→ **Data extracts**:

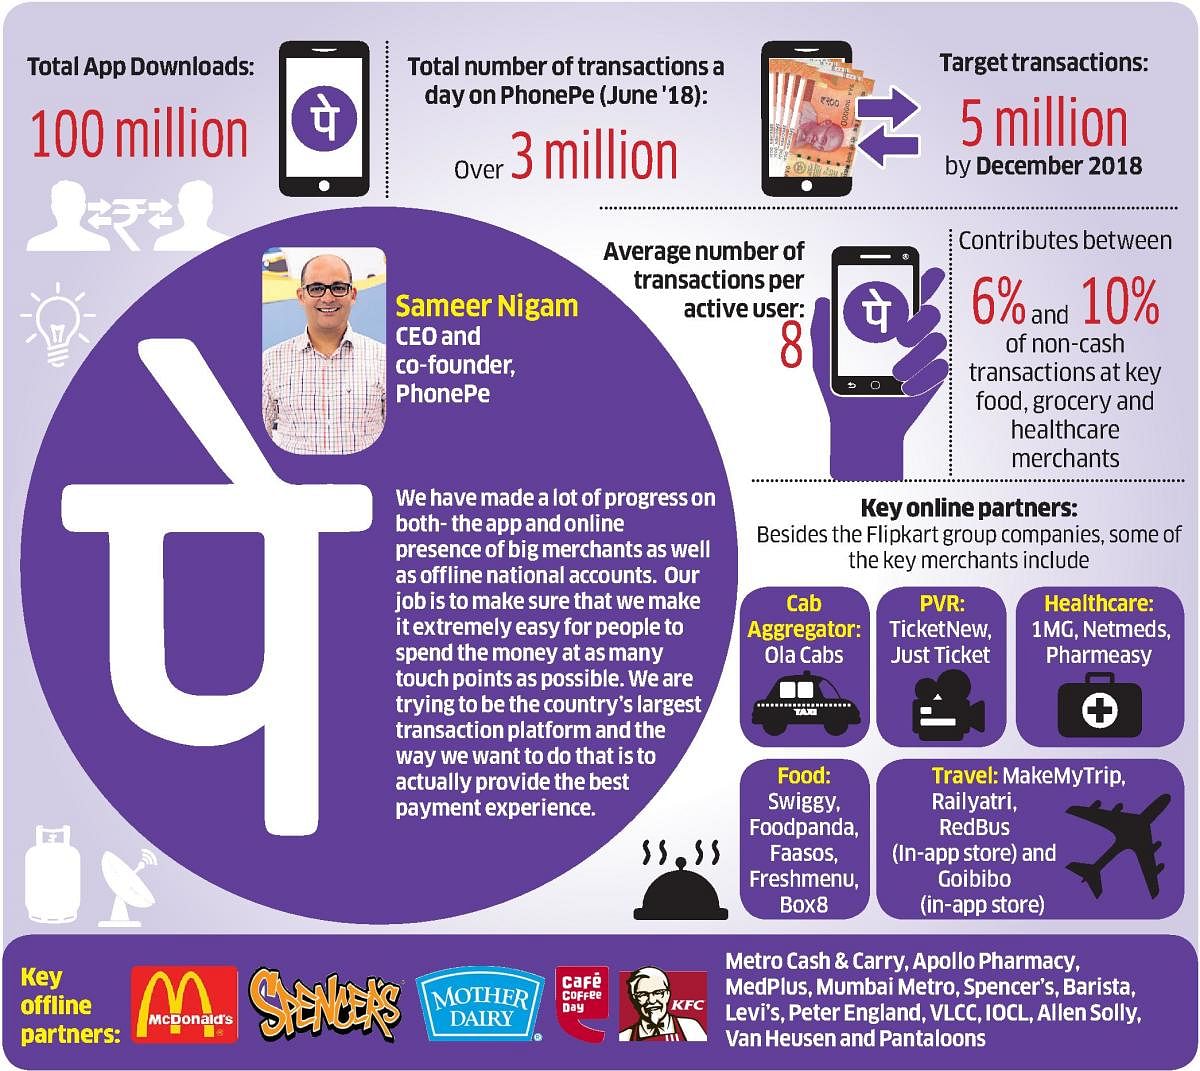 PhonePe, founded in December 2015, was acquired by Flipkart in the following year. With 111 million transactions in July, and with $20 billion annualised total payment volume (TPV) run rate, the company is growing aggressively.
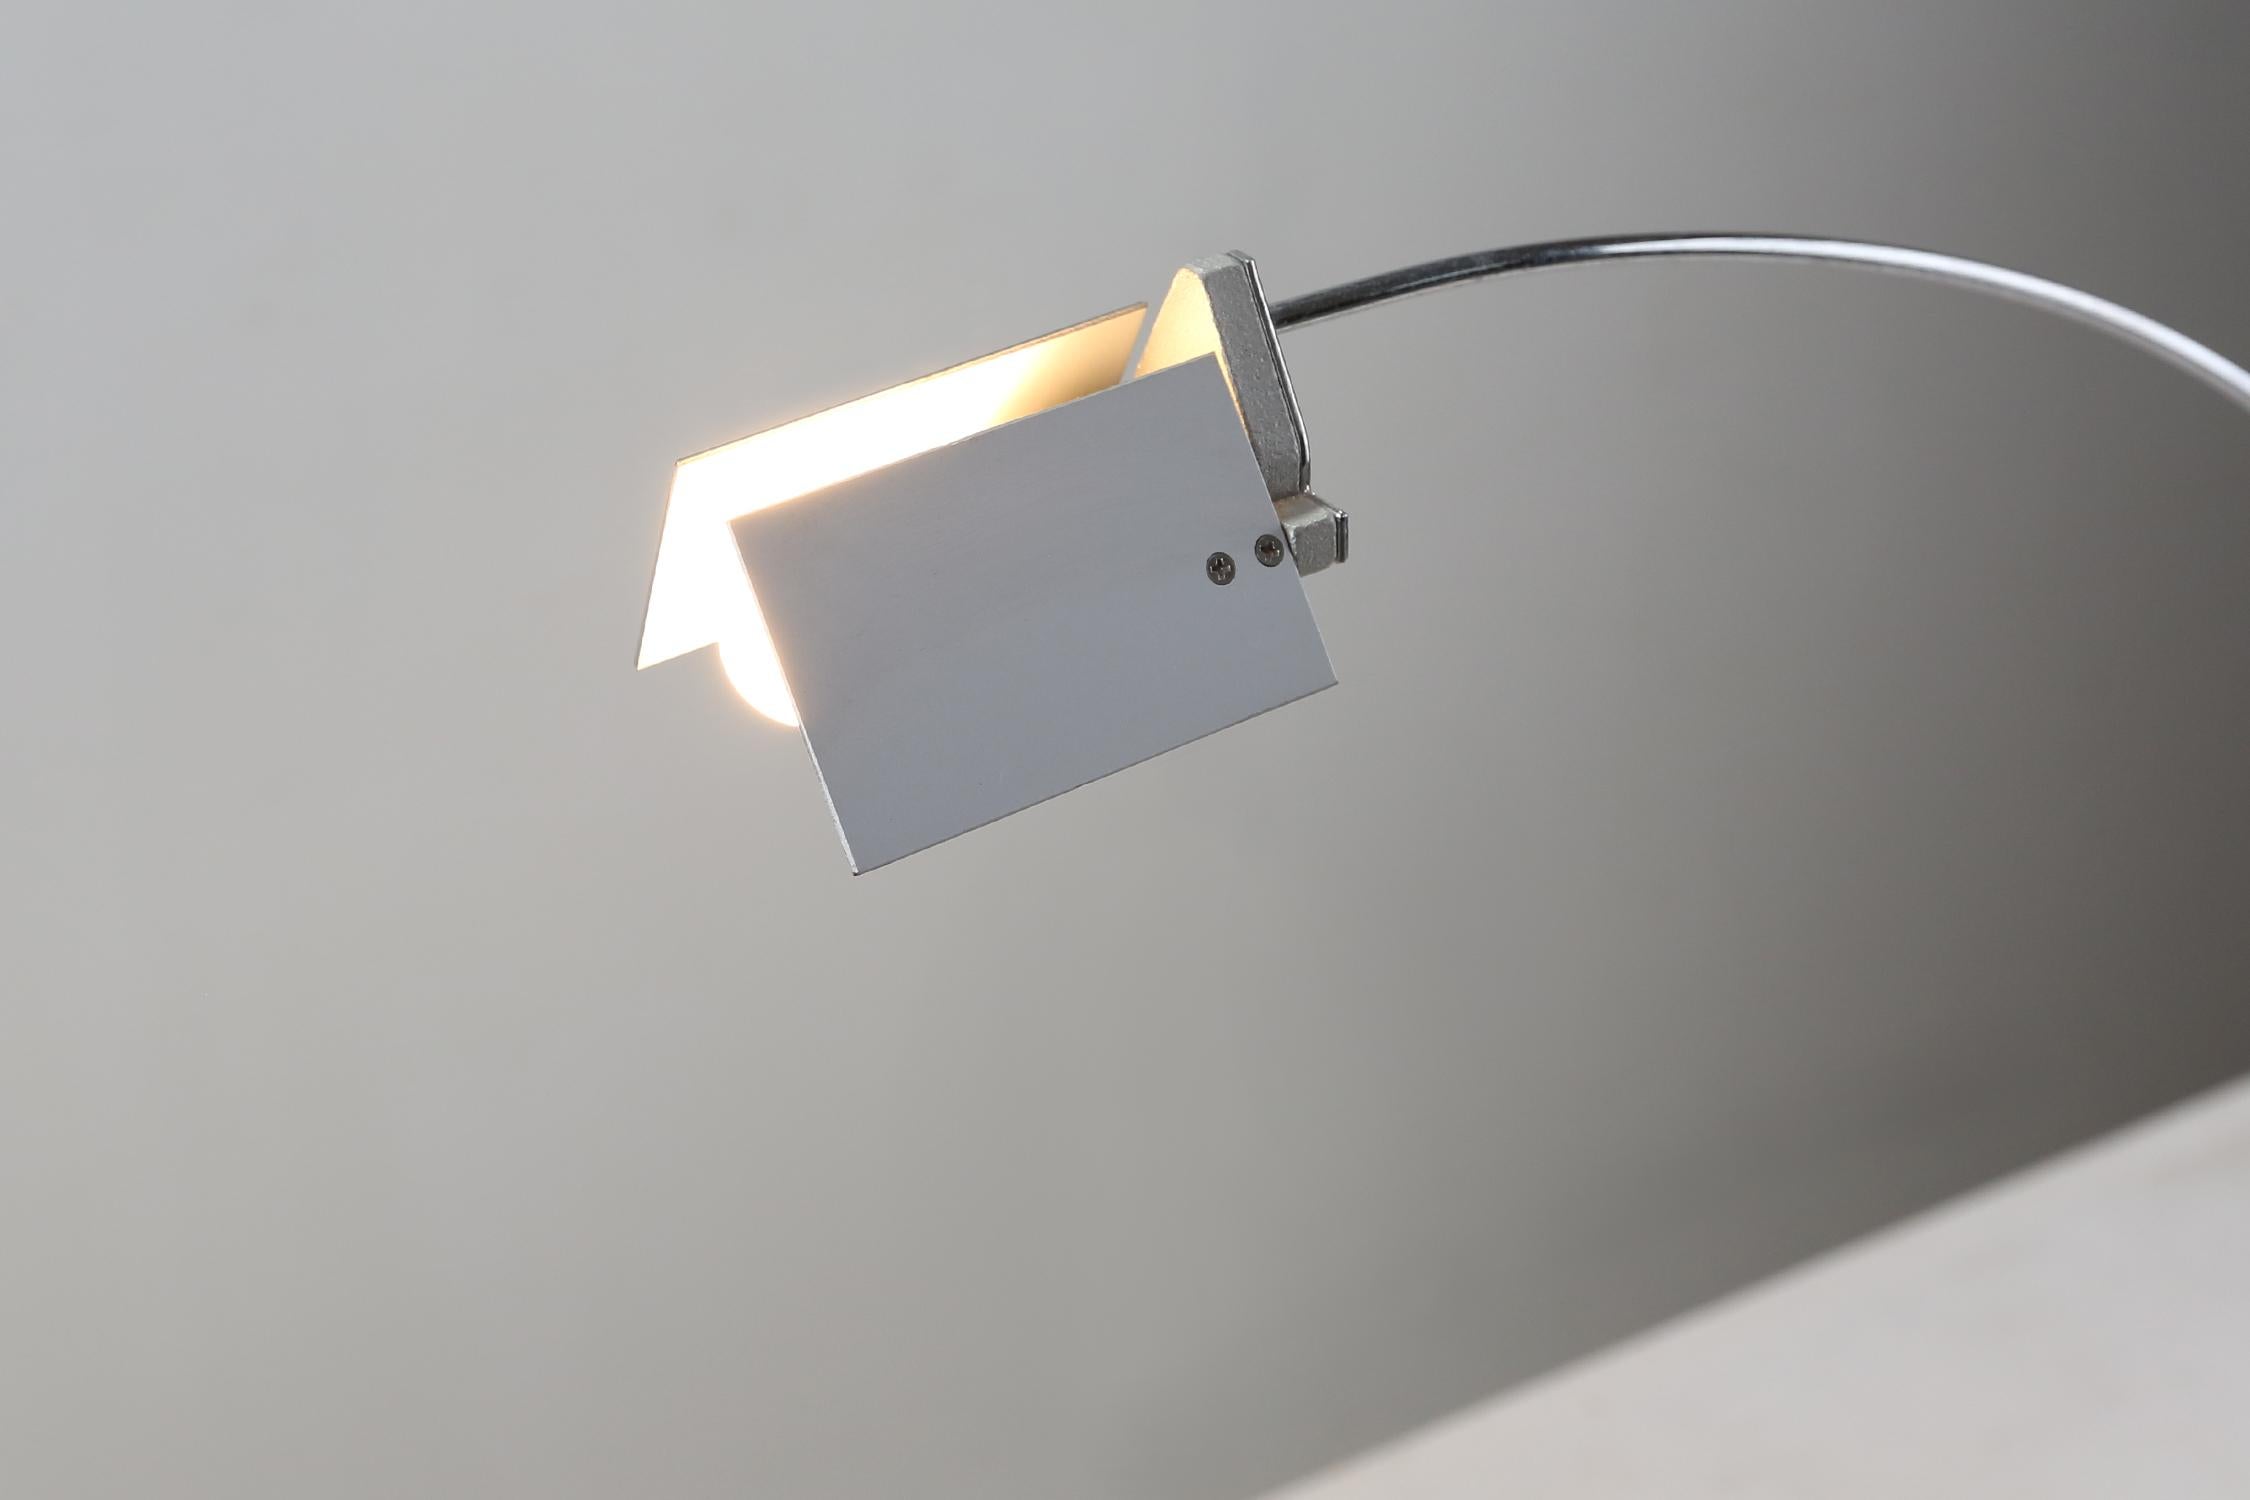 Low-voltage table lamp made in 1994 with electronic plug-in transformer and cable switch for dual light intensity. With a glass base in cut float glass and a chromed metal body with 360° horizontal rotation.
==
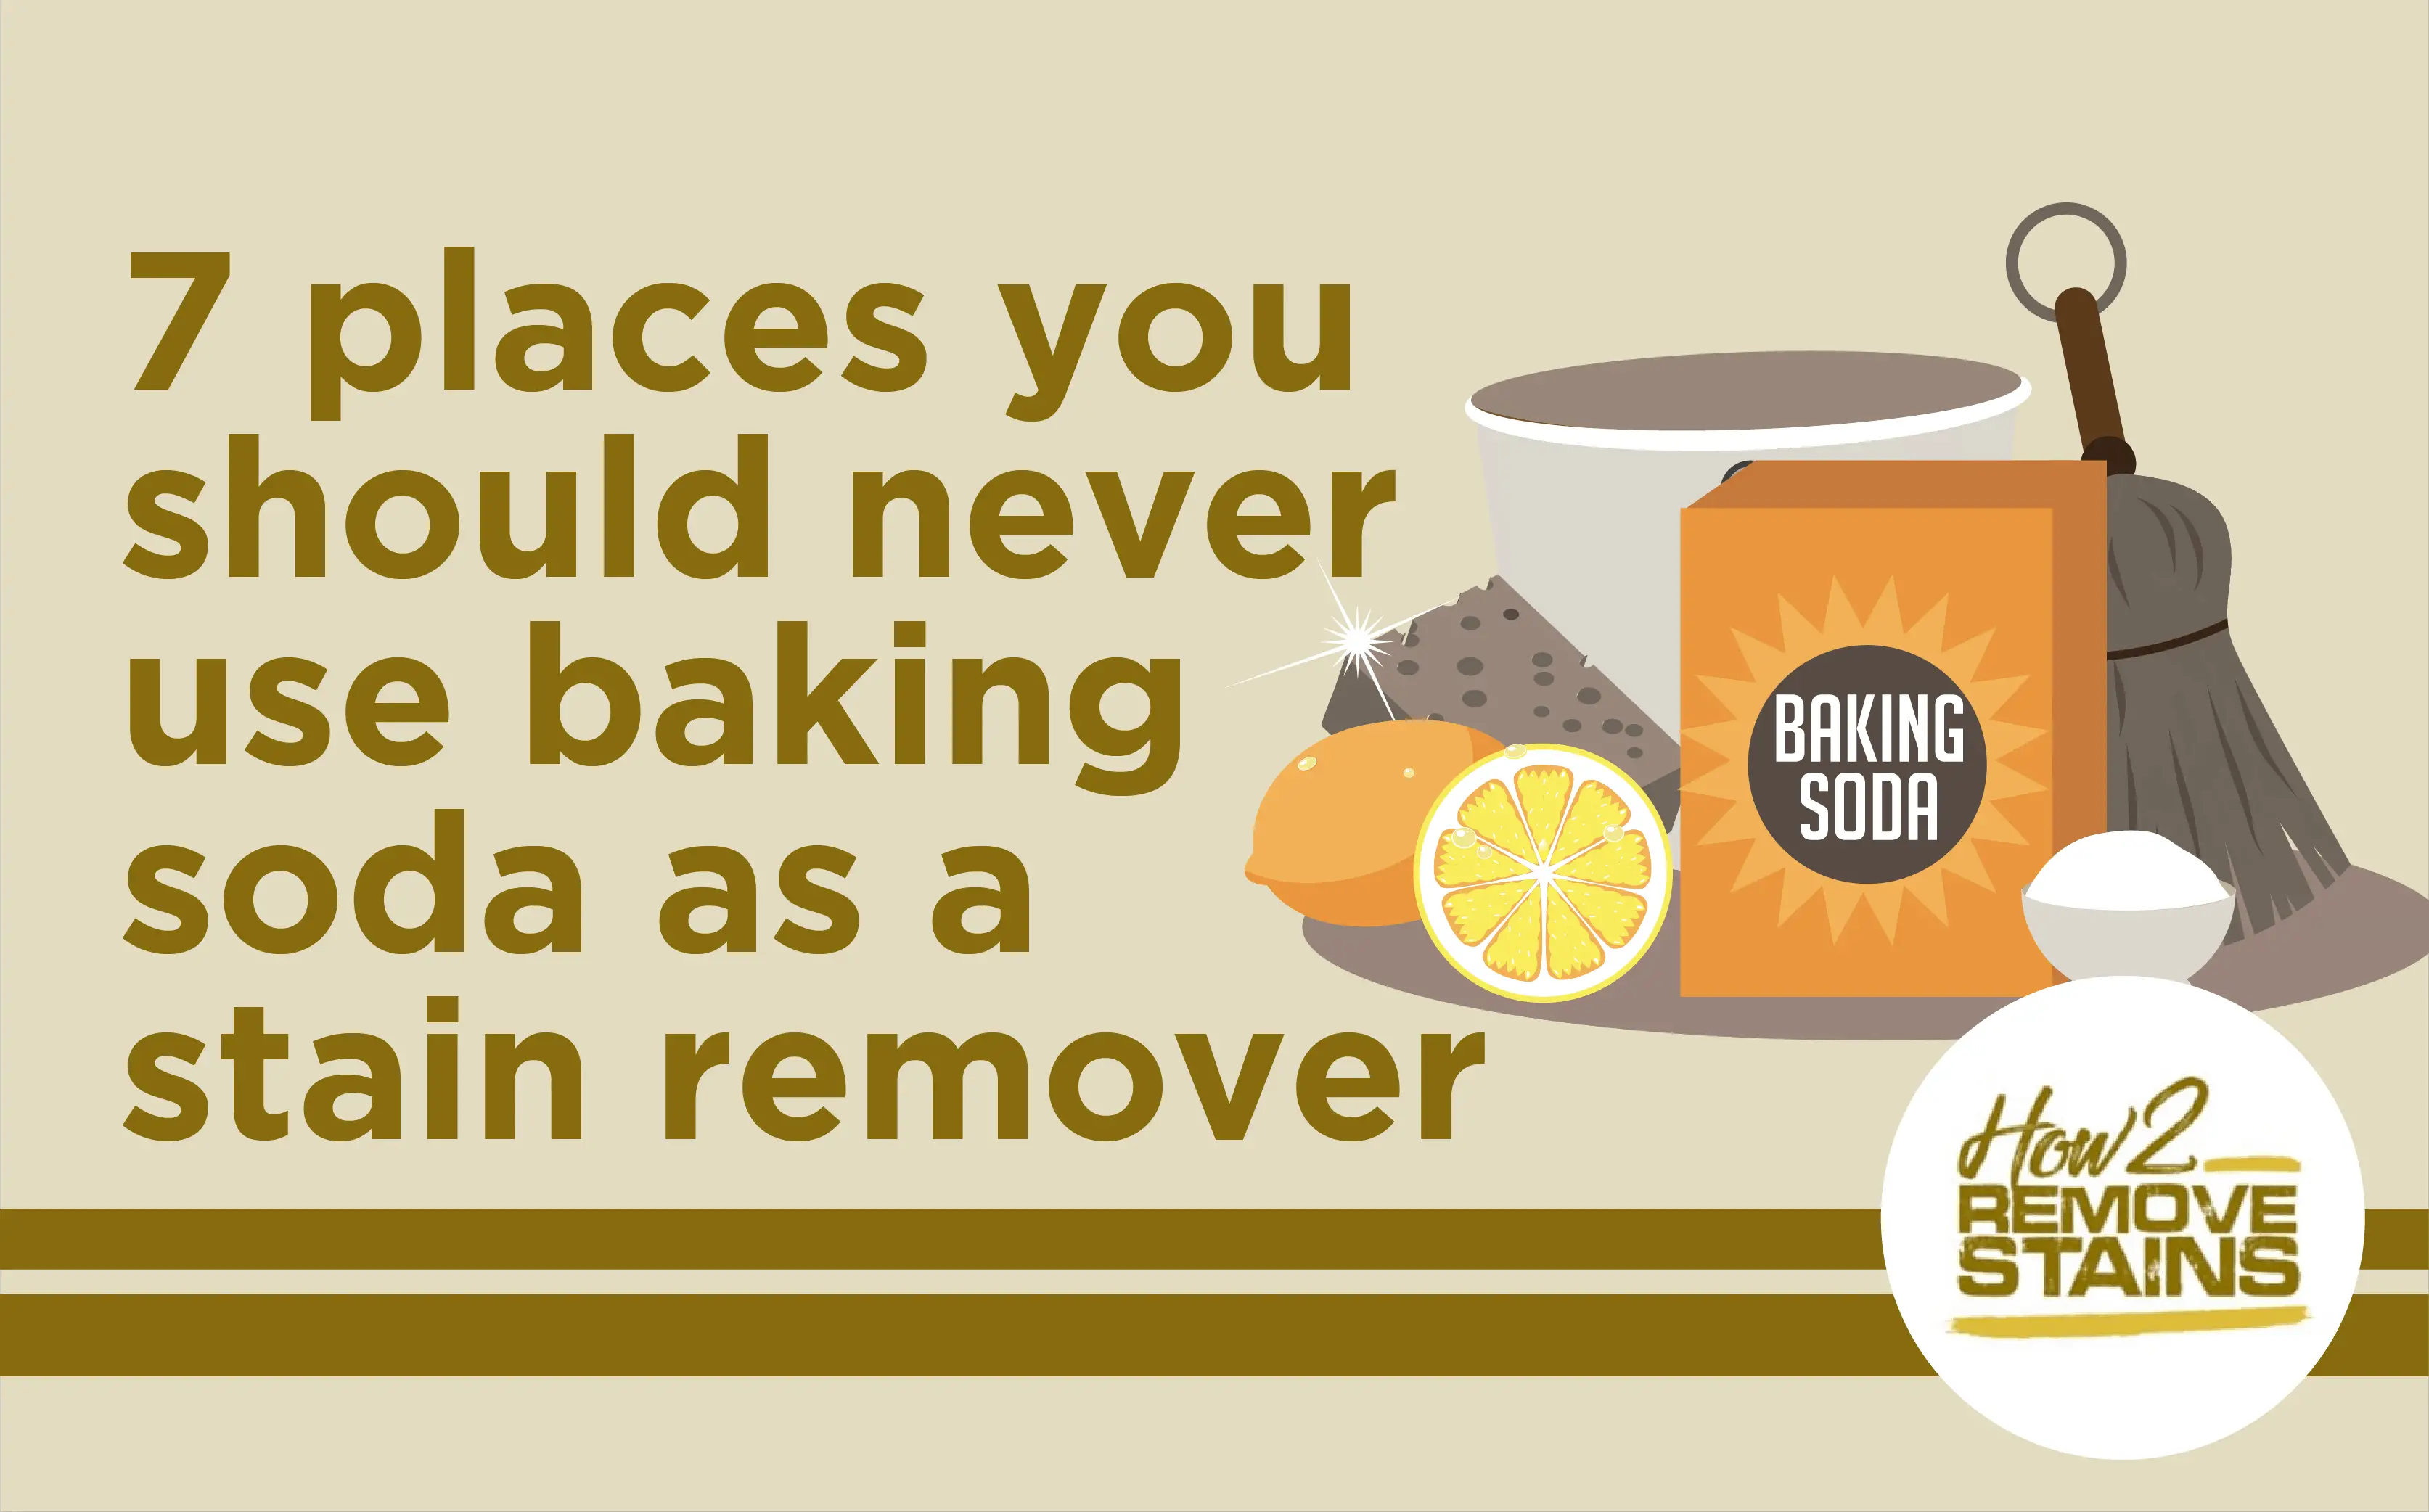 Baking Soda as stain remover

→ **The problem**:
Above are some entries. Restate word for word the lines from the one holding "PhonePe, founded in" through the one holding "Low-voltage table lamp", but not the pictures.

→ **Your solution**:
 PhonePe, founded in December 2015, was acquired by Flipkart in the following year. With 111 million transactions in July, and with $20 billion annualised total payment volume (TPV) run rate, the company is growing aggressively.
 Low-voltage table lamp made in 1994 with electronic plug-in transformer and cable switch for dual light intensity. With a glass base in cut float glass and a chromed metal body with 360° horizontal rotation.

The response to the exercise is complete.